Hackers accidentally give Microsoft their code - brianclintwud
http://www.zdnet.com.au/hackers-accidentally-give-microsoft-their-code-339305548.htm

======
aw3c2
Because I could not visit that website without enabling Cookies, here is the
full text:

 __ _Hackers accidentally give Microsoft their code By Josh Taylor,
ZDNet.com.au on August 26th, 2010 (1 day ago)_ __

When hackers crash their systems while developing viruses, the code is often
sent directly to Microsoft, according to one of its senior security
architects, Rocky Heckman.

When the hacker's system crashes in Windows, as with all typical Windows
crashes, Heckman said the user would be prompted to send the error details —
including the malicious code — to Microsoft.

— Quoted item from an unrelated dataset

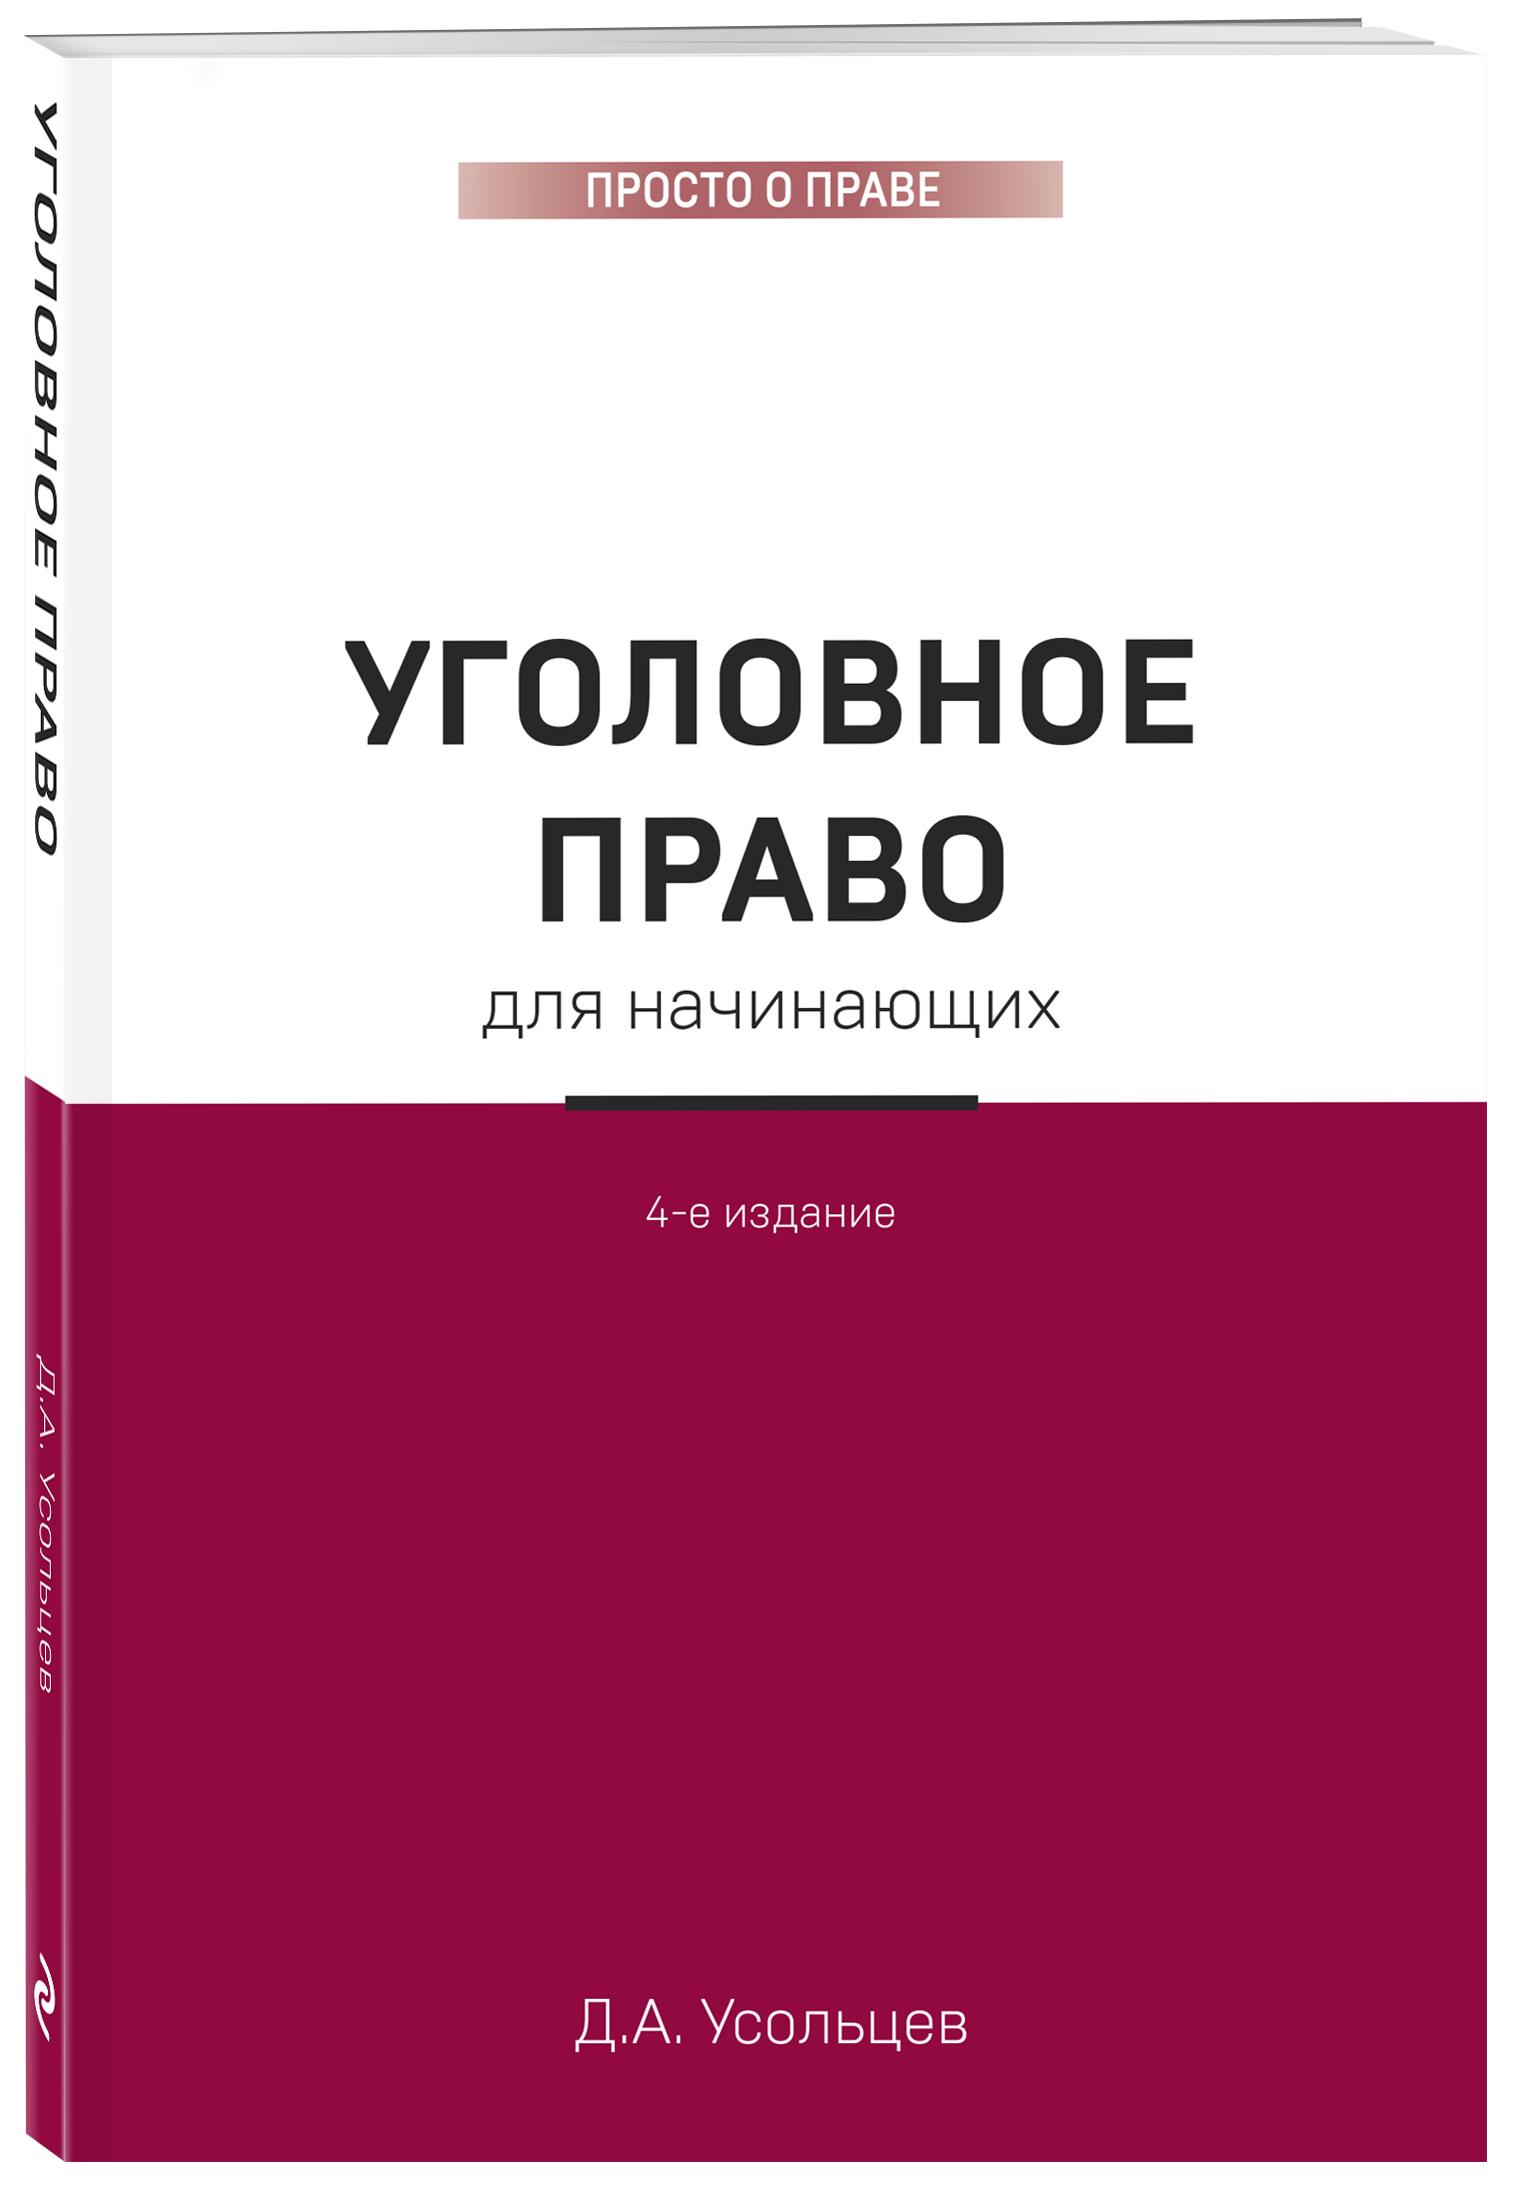 Уголовное право для начинающих. 4-е издание ( Усольцев Дмитрий Александрович  )

The funny thing is that many say
yes, according to Heckman.

"People have sent us their virus code when they're trying to develop their
virus and they keep crashing their systems," Heckman said. "It's amazing how
much stuff we get."

At a Microsoft Tech.Ed 2010 conference session on hacking today, Heckman
detailed to the delegates the top five hacking methods and the best methods
for developers to avoid falling victim to them. Heckman explained how to
create malicious code that could be used in cross-site scripting or SQL
injection attacks and, although he said it "wasn't anything you couldn't pick
up on the internet", he suggested delegates use the code responsibly to aid in
their protection efforts.

According to Heckman, based on the number of attacks on Microsoft's website,
the company was only too familiar with what types of attacks were most
popular.

"The first thing [script kiddies] do is fire off all these attacks at
Microsoft.com," he said. "On average we get attacked between 7000 and 9000
times per second at Microsoft.com," said the senior security architect.

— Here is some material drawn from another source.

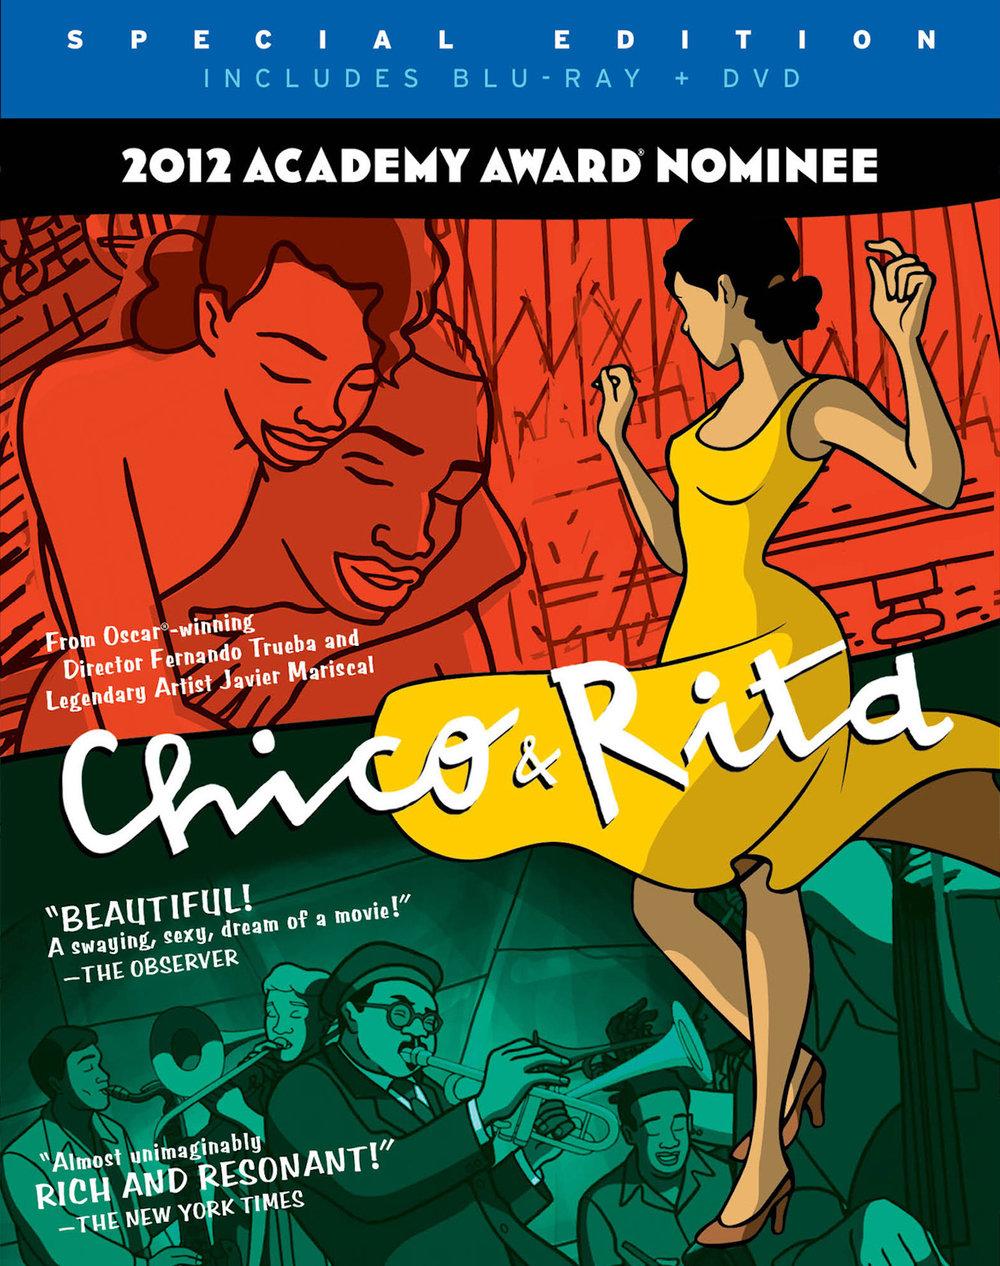 Chico & Rita.jpg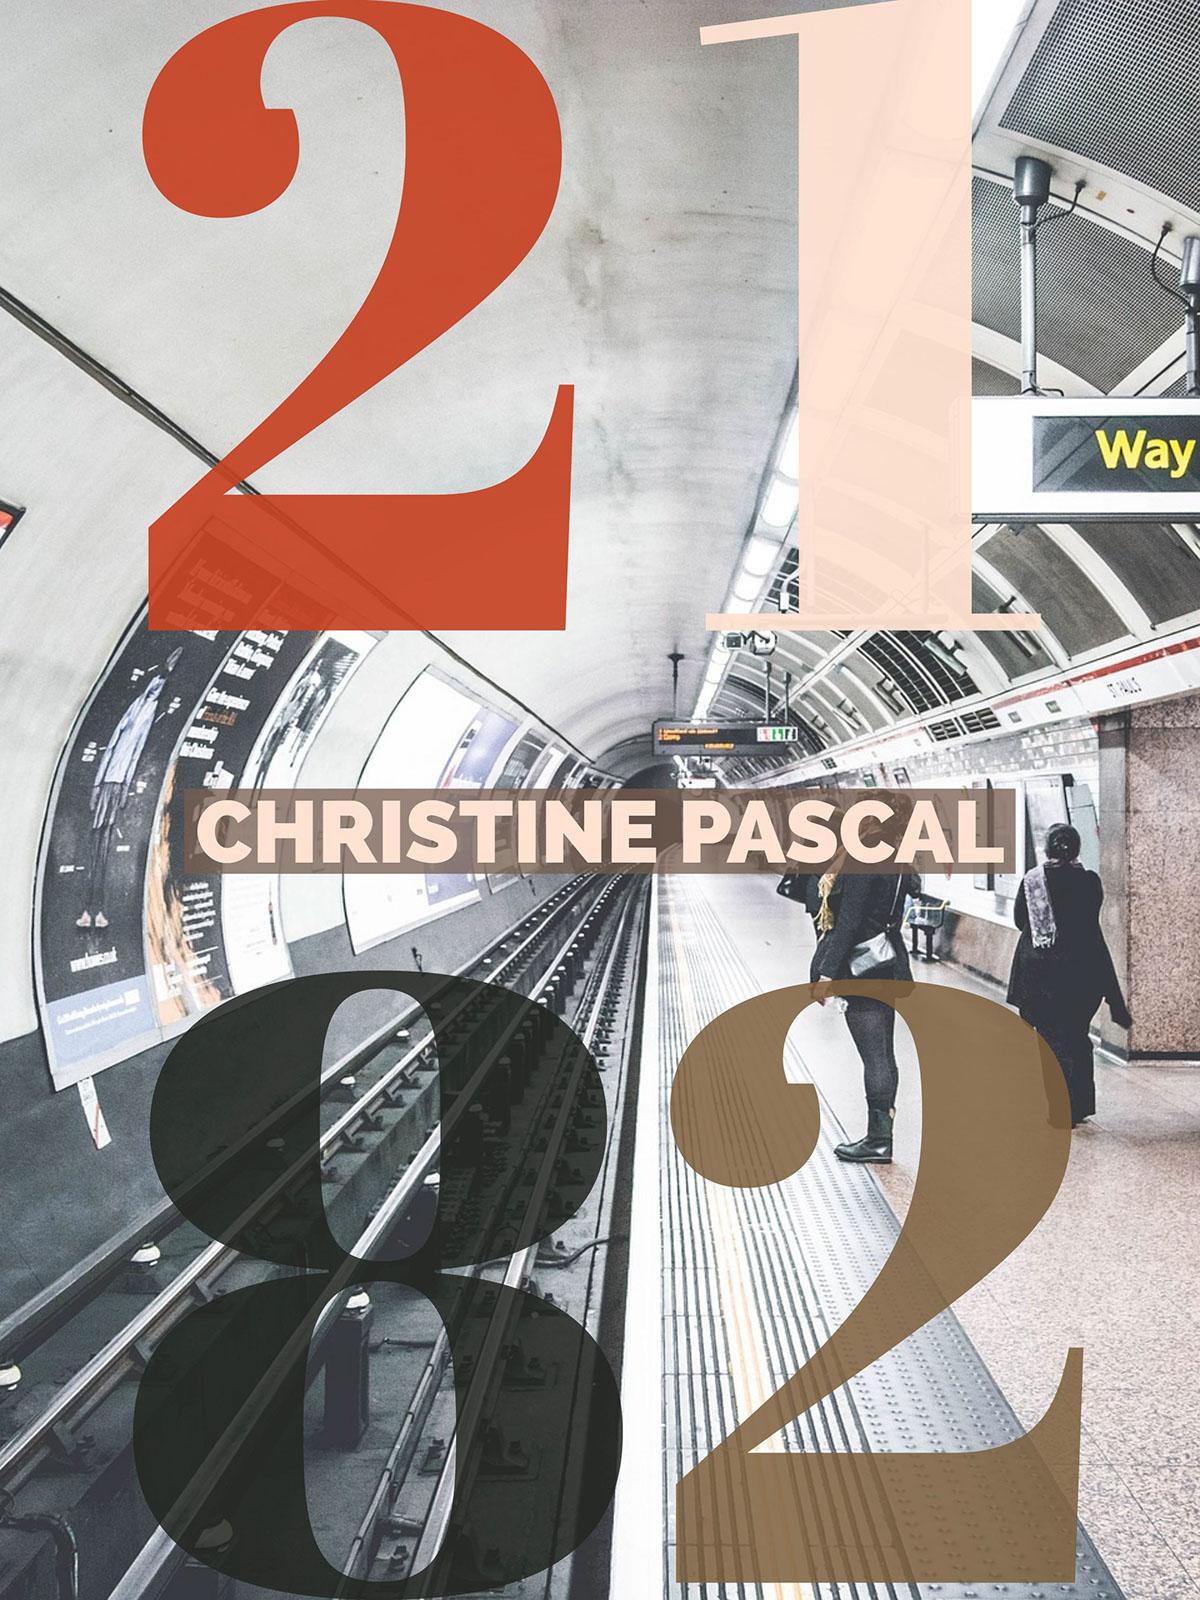 8 8 2 2 1 Christine Pascal

"I think overall we've done pretty good, even when MafiaBoy took down half the
internet, you know, Amazon and eBay and that, we didn't go down, we were still
up."

Heckman said there were two reasons why the top hacking methods of cross-site
scripting and SQL injection had not changed in the past six years.

"One, it tells me that the bad guys go with what they know, and two, it says
the developers aren't listening," he said.

Heckman said that developers should consider all data input by a user as
harmful until proven otherwise.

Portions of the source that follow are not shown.